March 31 remains the firm deadline to sign up for Obamacare. So if you’ve not already done it, you’re out of time. Or are you?

The IRS weighed in on the subject late last month, as reported at atr.org, quietly releasing a series of Obamacare “Health Care Tax Tips.” The tips warn Americans that they must obtain “qualifying” health insurance – as defined by the federal government – or face a “shared responsibility payment” when filing their tax returns in 2015.

But last week, nearly 30 House Democrats ignored a veto threat by President Obama and helped the GOP majority pass a bill that would let people ignore this year’s Obamacare penalty for not having health insurance. The House voted 250-160 in favor of the Simple Fairness Act, which effectively nullifies the health-care law’s “individual mandate” until 2015. According to The Washington Times, the bill was in response to the President’s moves to delay other parts of the overhaul during an election year.

Even the Obama administration decided it would allow people with health insurance plans that don’t comply with Affordable Care Act standards to keep them through October 2017 if their states permit it.

The WSJ pointed out that this latest political reconstruction has received zero media notice, and the Health and Human Services Department didn’t think the details were worth discussing in a conference call, press materials or fact sheet. Instead, the mandate suspension was buried in an unrelated rule that was meant to preserve some health plans that don’t comply with ObamaCare benefit and redistribution mandates.

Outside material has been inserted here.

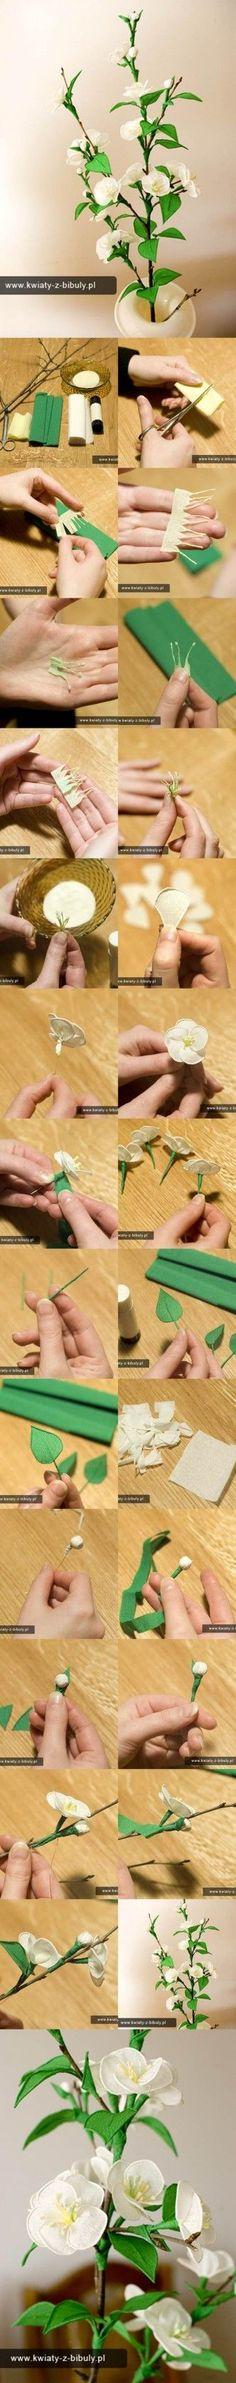 DIY Delicate Crepe Paper Cherry Blossom Sprig

CNBC said the administration also extended Obamacare’s open enrollment for next year by a month—it now will run from Nov. 15, 2014, until Feb. 15, 2015. And it is giving insurers additional financial help to offset the costs of benefits claims from new ACA enrollees, with the goal of keeping Obamacare premiums “affordable” in coming years, officials said. New rules also simplified the paperwork that larger employers will have to file when the mandate obliging them to offer affordable health insurance to workers begins next year.

Additionally, an extension was announced last week of President Obama’s “Keep What You Have” transitional policy for plans that don’t meet the Affordable Care Act’s 2014 requirements. This extension would allow policies that qualified under the original transition policy to renew through October 1, 2016.

Nevertheless, Department of Health and Human Services officials insisted that March 31 is the firm deadline to sign up for Obamacare. “We have no plans to extend the open enrollment period,” HHS official Julie Bataille said in a conference call with reporters last week. “In fact, we don’t actually have the statutory authority to extend the open enrollment period in 2014.”

The Weekly Standard commented that a reporter followed up, asking why the administration could delay many other parts of the law but not this one. Michael Hash, who directs the Office of Health Reform at HHS, replied that the law states that the HHS secretary must set the open enrollment dates by June 2012, which Secretary Sebelius did. “Once that 2014 open enrollment period has been set, they are set permanently,” Hash said. He did not explain why the administration has the authority to ignore other statutory deadlines to implement the employer mandate or cancel private health insurance plans not eligible for “grandfathering.”

Of course, as I’ve mentioned in previous blogs, there are ways you might possibly exempt yourself from the entire ordeal. Unless you feel this is just too much fun to miss!